Related to the prompt engineering, the exam might ask you about hyperparameters you can set for a model to optimize its responses. Parameters you should be aware of are the following:

Temperature: value between 0 and 1.0, defines the creativity of a model. The higher the value, the more creative responses you will get.
Top P: value between 0 and 1.0, defines the size of the set of available words when generating the parts of an answer. For example, for a value of 0.25, the model will use the 25% most likely next word.
Top K: similar to Top P, but it is an integer value. By setting a Top K value, we tell our model that it only should use words from the next Top K available options.
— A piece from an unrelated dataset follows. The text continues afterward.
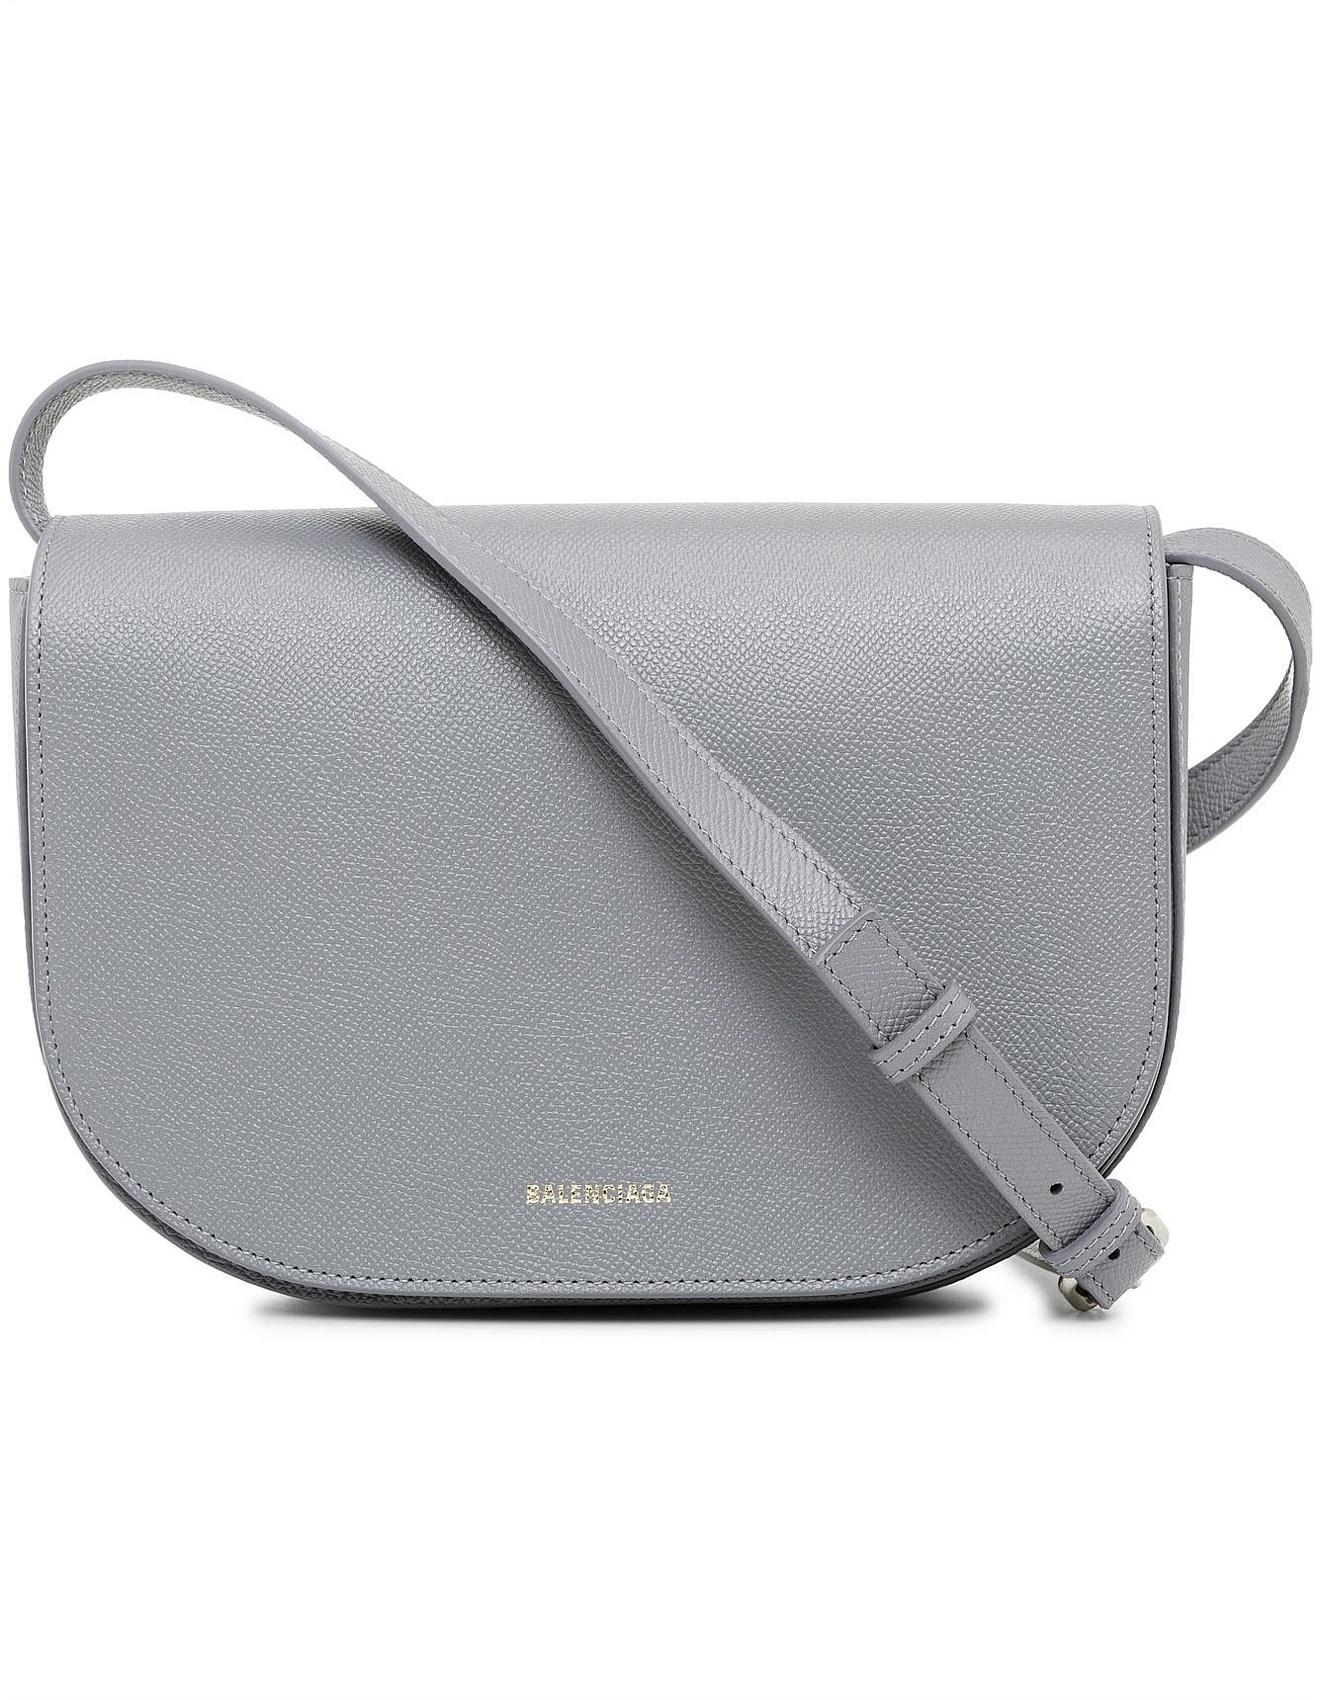 4b9fbc0ec3c Cross Body Bags   Women s Designer Bags Australia   David Jones - VILLE  SMALL SADDLE AJ DAY BAG

The general rule for the hyperparameters is that setting lower values will make your model more conservative and give more coherent responses while setting a parameter to a higher value will result in more creative and less coherent responses.

4. Amazon SageMaker

Another important AWS service for the exam is Amazon SageMaker. SageMaker is a managed service used by data and machine learning engineers to build, train, and deploy machine learning models. Like other AWS services, it offers a variety of features. I will focus on those that may appear in the exam, although I encountered some unexpectedly challenging questions during my session. These questions felt as if they were taken from the Machine Learning Specialty exam question set.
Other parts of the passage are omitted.